A Construção de Mutirão

Foto: José Cruz/Agência Brasil

Em um processo de deslocamento compulsório decorrente da enchente de 1979, a partir da doação de um terreno por um fazendeiro da região, se deu a formação do novo núcleo de ocupação na parte alta da comunidade, na zona hoje chamada Mutirão, cujo nome remete ao processo de construção das casas. Por meio de materiais cedidos pelo governo, da autoconstrução e do trabalho coletivo e comunitário, Mutirão foi construído em um ano, e ao lado de Gesteira Velho, passou a compor e a formar esta comunidade que genericamente se conhece como Gesteira.

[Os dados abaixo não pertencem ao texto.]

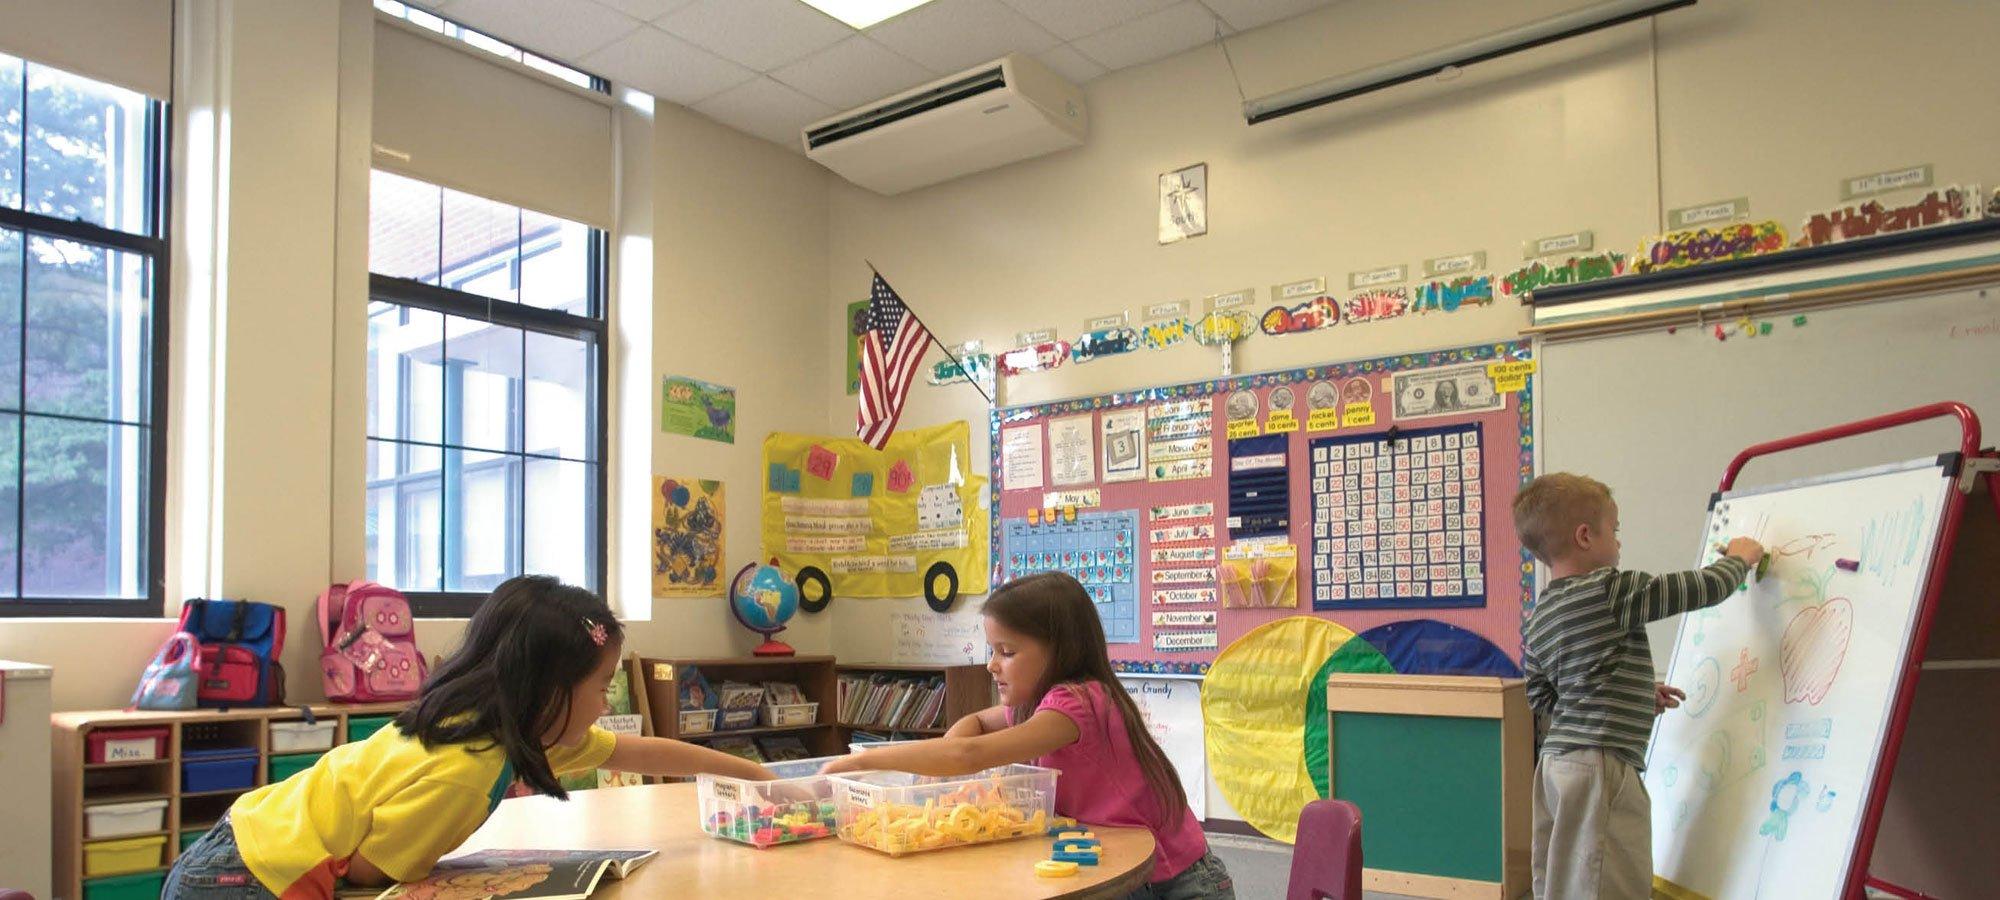 Classroom_Ductless.jpg

Ponte que liga Gesteira Velho a Mutirão
Foto: José Cruz/Agência Brasil

“Nós viemos para cá, mas nós não desprezávamos lá não. Aliás, um monte de gente fez casa lá outra vez pra morar com as famílias, mas nós íamos para lá toda noite, de dia também... festa, missa... é tudo lá. Era, até que essa barragem acabou com ela.”

Gesteira Velho

“Você ia ficar boba de ver tanto menino vindo de Gesteira, indo e vindo todo dia, de manhã e à tarde. Mas muita criança. Hoje pode contar... os meninos estão estudando lá no Taboão.”

“A escola (...) era outra. Era ali perto mesmo, mas era outra. É era uma sala só. Era uma casa assim, um salão grande, antigo de madeira, mas com uma sala só. Em 79 levou tudo embora. Levou embora essa antiga onde a gente estudava. Aí construiu uma nova.”

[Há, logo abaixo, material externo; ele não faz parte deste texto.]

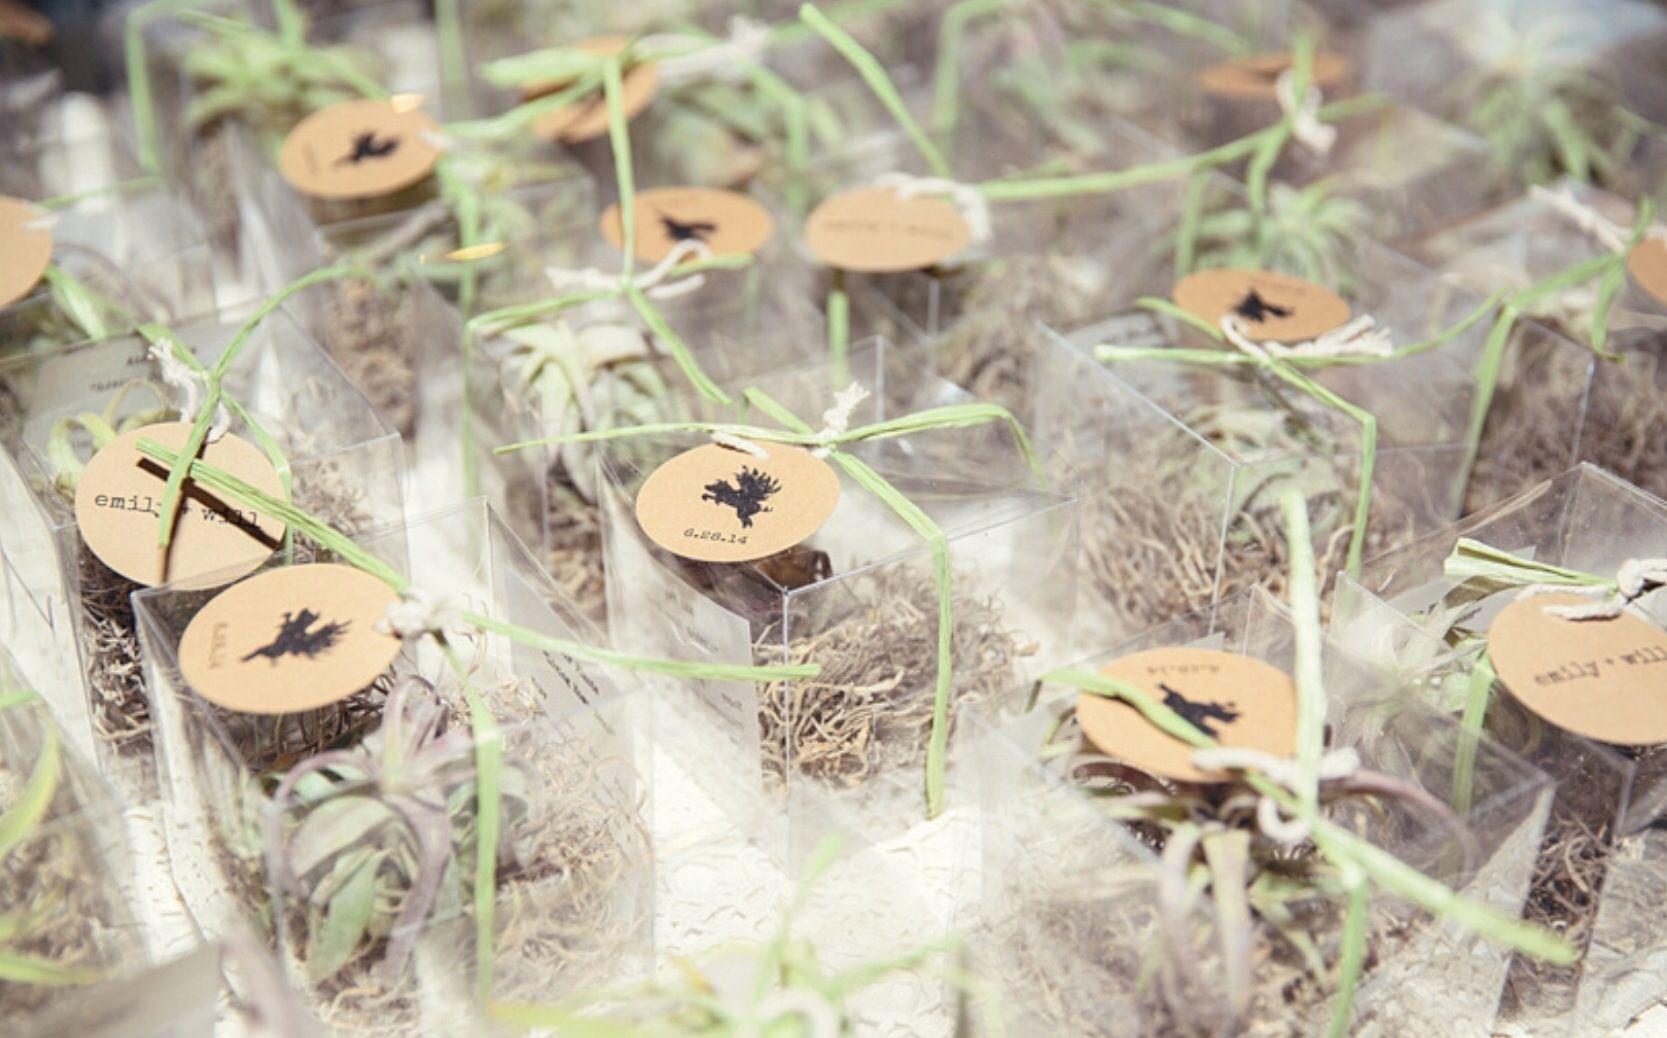 Air Plant wedding favor take aways | Air Plants | Pinterest | Plant ...

Gesteira Velho: Igreja da Nossa Senhora da Conceição
Foto: José Cruz/Agência Brasil
Foto: José Cruz/Agência Brasil
Foto: José Cruz/Agência Brasil

“Eu coroei naquela igreja ali, ia desde pequenininha, sabe? A minha mãe falava que eu coroei com dois anos na igreja lá e fui crescendo.”

“Nossa. Um lugar simples, mas era bom demais. O povo era muito unido. Velho com o novo, com criança, com tudo. Era um povo muito alegre mesmo. Festa lá era animada demais, toda vida foi! “

“(...) Fazia papel de cruz e cortava as bandeirinhas, aí fazia aqueles cordões até lá em cima. Mas tudo muito bonito. A gente levantava o mastro (...) a gente não vê mais isso”

“Essa igreja é velha. Isso é do tempo da escravidão ainda parece. Não lembro, não. Já está lá pronta antes de eu nascer.”

“A igreja é antiga. É de mil setecentos e quatorze parece, tem uma placa lá.”

Gesteira Velho: o campo

“Tinha a madrinha e o padrinho da bola, sabe? Antes, os padrinhos compravam uma bola nova, davam para o time, levavam aquele negócio tudo enfeitado, com papel crepom, tudo com umas fitas, um trem parecendo um enfeite mesmo. Aí chegava lá, fazia uma oração, aí a madrinha colocava a bola no chão e dava um chute. Você tinha que jogar uma bola com ela toda cheia de papel até o papel soltar todo.”

Gesteira Velho: A Venda

“Lá era em geral forte. Lá era em geral, porque o pessoal da região que dos outros municípios muito fazia compra lá. É, é, tinha de um tudo porque que ele tinha facilidade, porque ele morava em Mariana e ele é (...) trabalhava como padaria, ele é tinha açougue, matava boi, final de semana vendia gás. Tudo em geral tinha nessa mercearia dele. Aí o pessoal daqui tudo de manhã, tinha relação, ia lá, comprava. Tudo que precisava ia lá, encontrava”.

Gesteira Velho: o rio

“Gostoso... a gente chegava na beira do rio assim ó, aonde as donas lavavam as vasilhas, né? Que antigamente lavava vasilha tudo no rio, água tudo limpinha. Olhava para o meio do rio, cada traíra desse tamanho assim oh, cascudo, tinha peixe demais! A vida gostosa demais .”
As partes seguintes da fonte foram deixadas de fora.